Was Nuendo Ten Premature?

The CPU deals with mathematics the way the CPU deals with mathematics. The way the CPU deals with mathematics is common for all DAWs. Therefore in order for what you say is happening Steinberg would have to be able to change “how a CPU deals with mathematics”. I doubt that’s happening.

Saying that noone has done that probably just means that you haven’t seen it. We had this debate like a decade or two ago and Lynn Fuston created a large test of DAW summing, i.e. testing the audio engine. It included a bunch of different DAWs and what people said they hear wasn’t what they heard.

Go get the test files (“Awesome Dawsum”) and check them out yourself if you want. Or recreate the test, it’s not that hard.

What does that have to do with the “audio engine”? I have no idea who this person was or why we should all of a sudden care about that. This isn’t what we were talking about.

What does “sync” “the raw output” “to pulse-waves” mean in practical terms?

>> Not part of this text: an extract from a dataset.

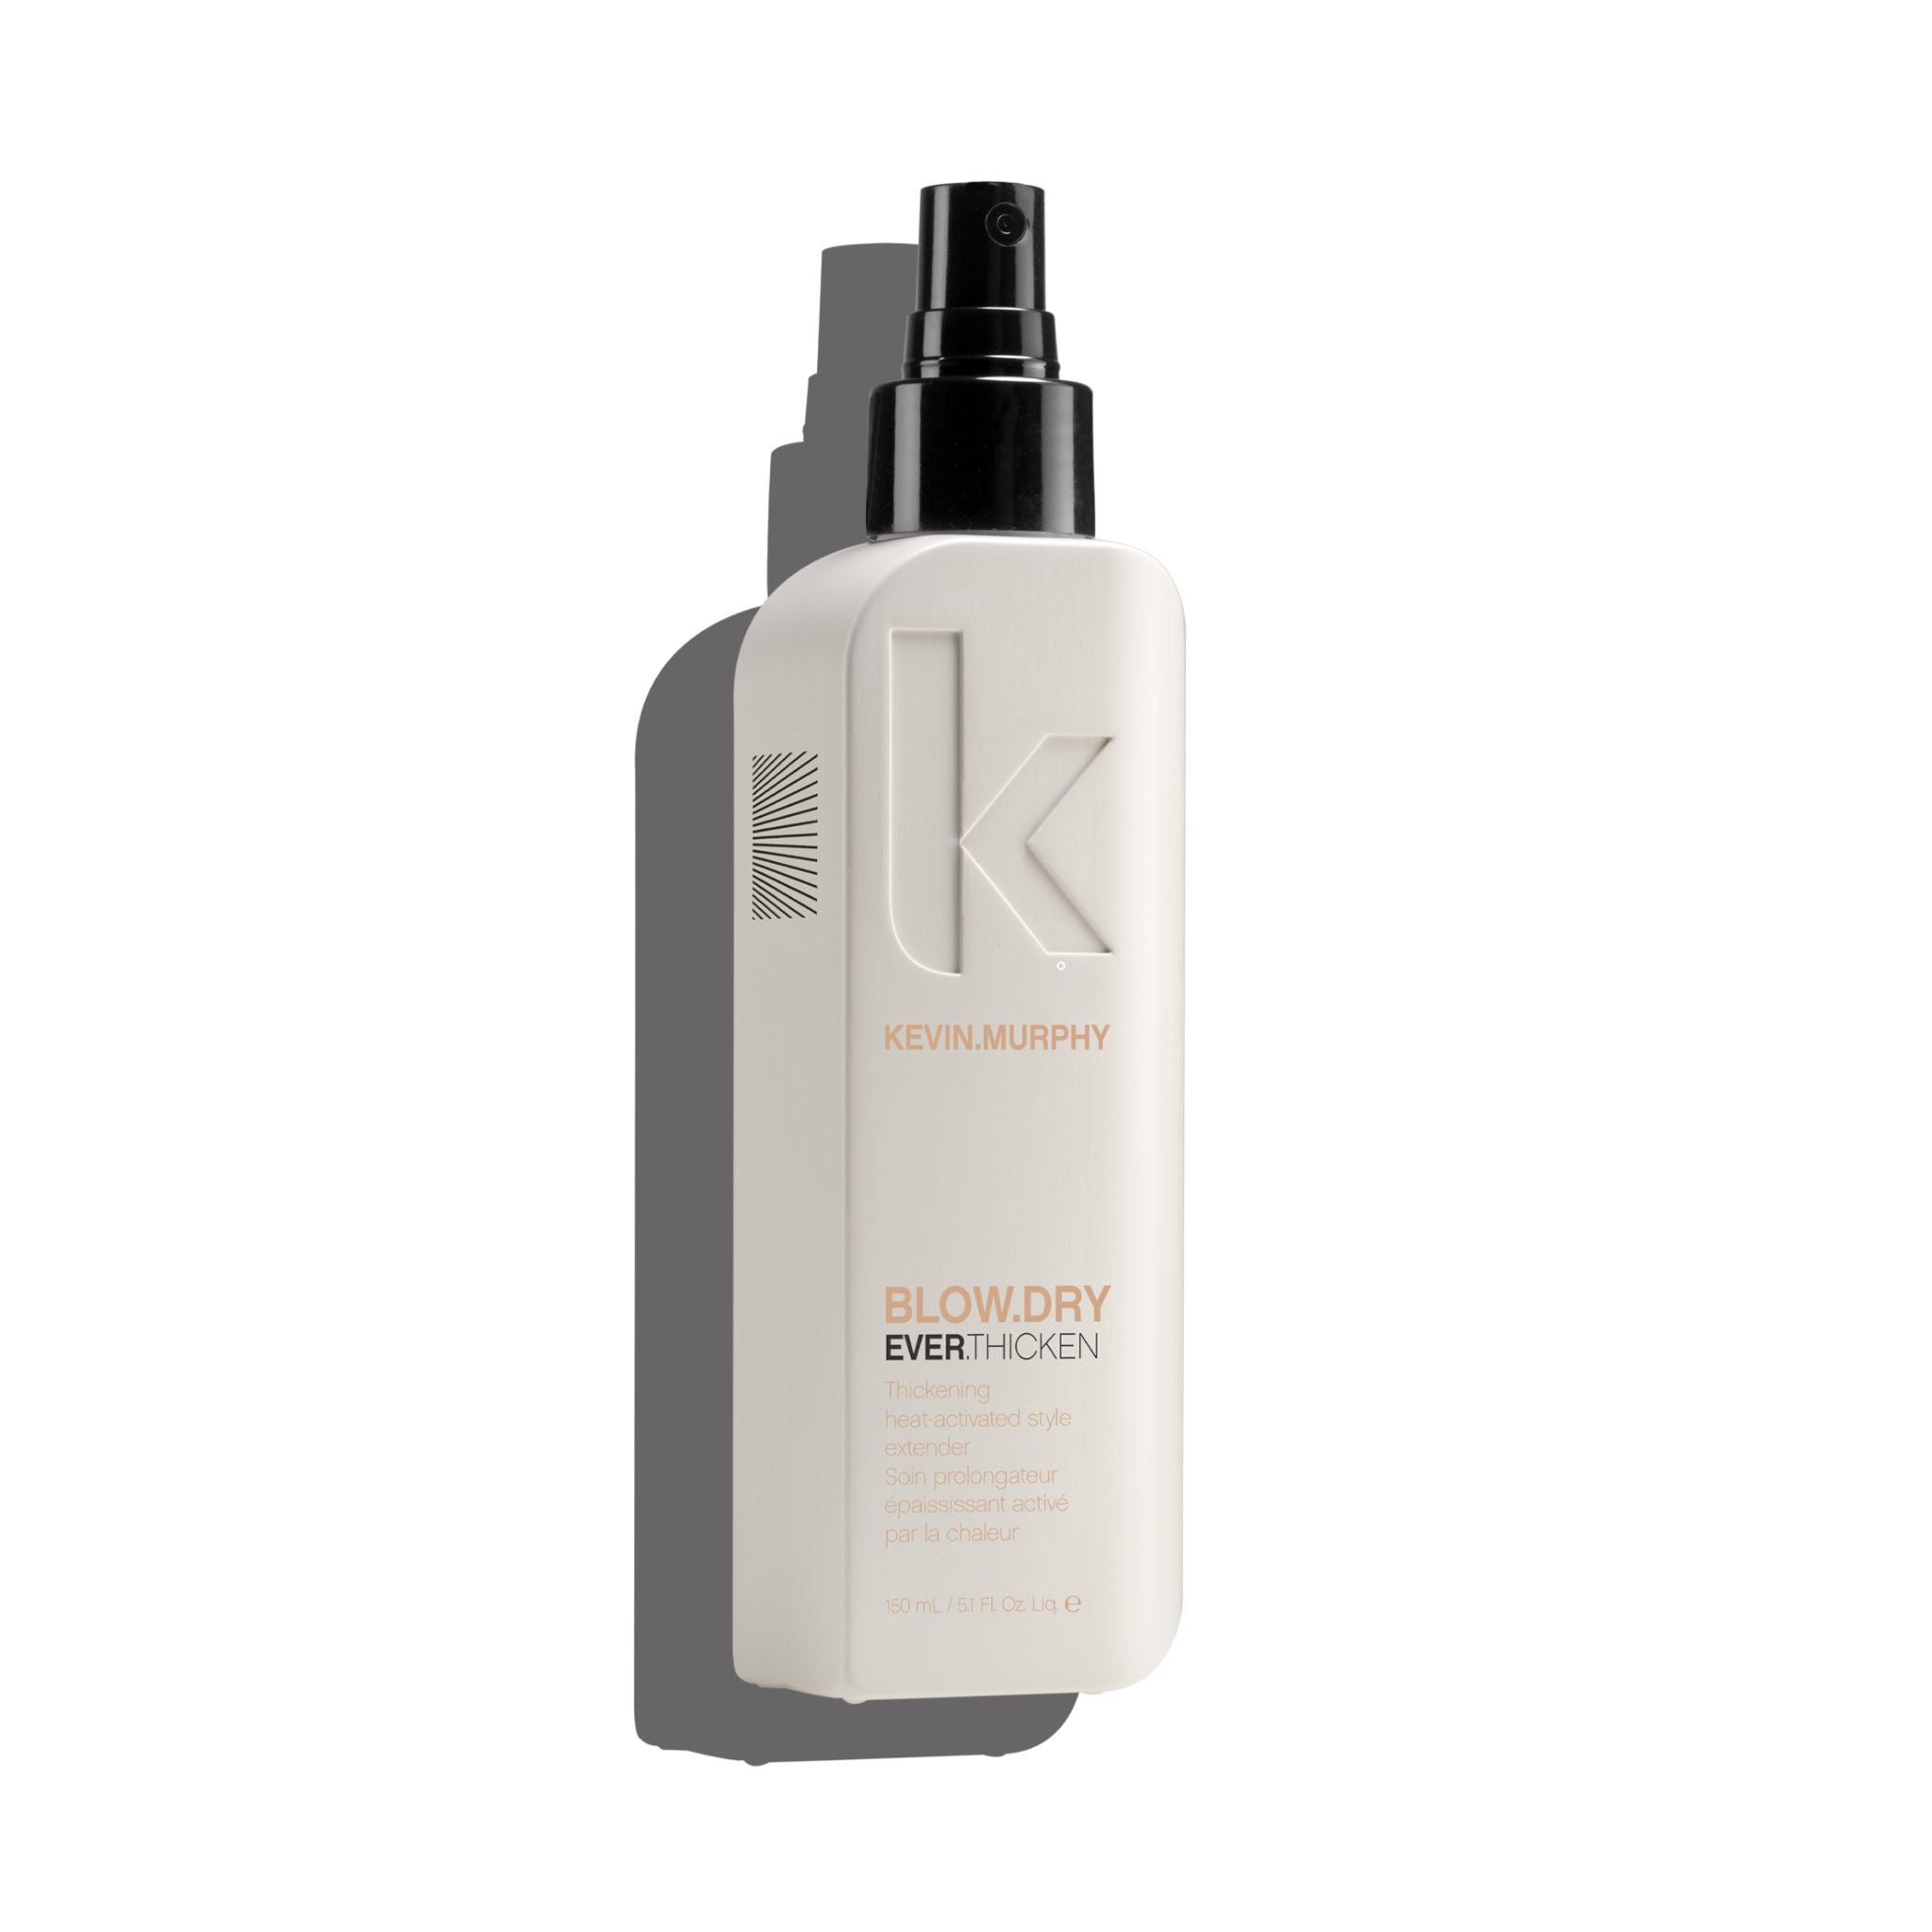 Kevin Murphy - Ever Thicken 150ml

I don’t think you understand the details of Verifile. Just reading the manual it clearly states several key issues:

  1. "the computer’s operating system is not designed that way, and (even if optimally configured, which they seldom are) it will, now and again, interrupt audio recording to do something which seems more important at the time. This is especially true when dealing with many channels of high resolution audio, perhaps with low latency, which needs a continuous high data throughput. The result is usually a recorded ‘dropout’ of some kind: anyone who has recorded audio on a computer is familiar with the manifestations: these include repeated or missed samples or entire sections, random clicks, pops - even channel swapping. "

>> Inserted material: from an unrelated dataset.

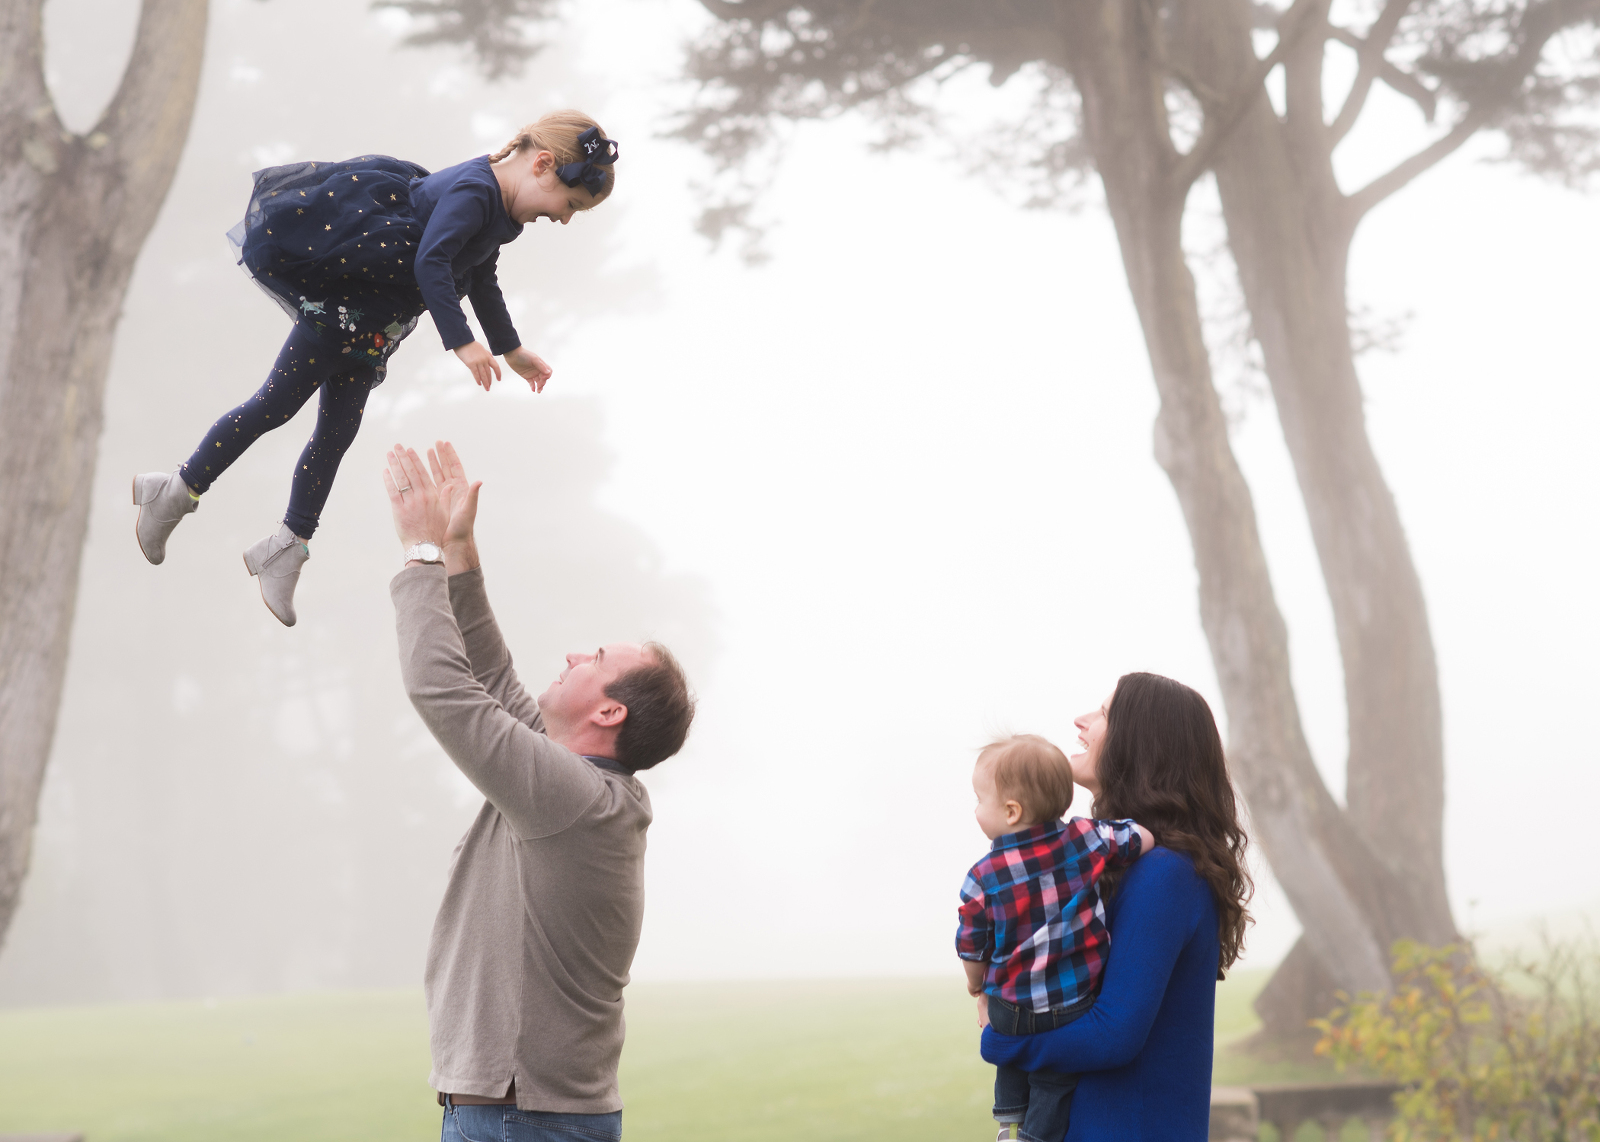 dad catching his daughter with mom and baby brother looking on, foggy San Francisco scene

Exactly what I was saying. Hearing a slight shift in timbre is not what the effect would be from the above errors. Clicks and pops yes. “Warmer”, no.

  1. “Verifile is a ‘fragile steganographic’ process which embeds derivative data within the dither of the ADC,”

and therefore

  1. “, Verifile is not designed to survive any audio processing or encoding process”

What this means is that you can’t use Verifile to judge whether or not a DAW is sonically transparent, because as soon as you process audio or apply dither it won’t give you answers that show you anything of value in this context.



First of all, who says I or other people with my opinion aren’t listening to what we do?

Secondly, “confirmation bias” is actually a thing. So judging from all the testing I’ve done as an engineer, and from all the papers I’ve read, and from all my actual mixing I’ve done, what is most probable is that you’re either hearing differences that aren’t there or are attributing actual differences to things that aren’t their cause.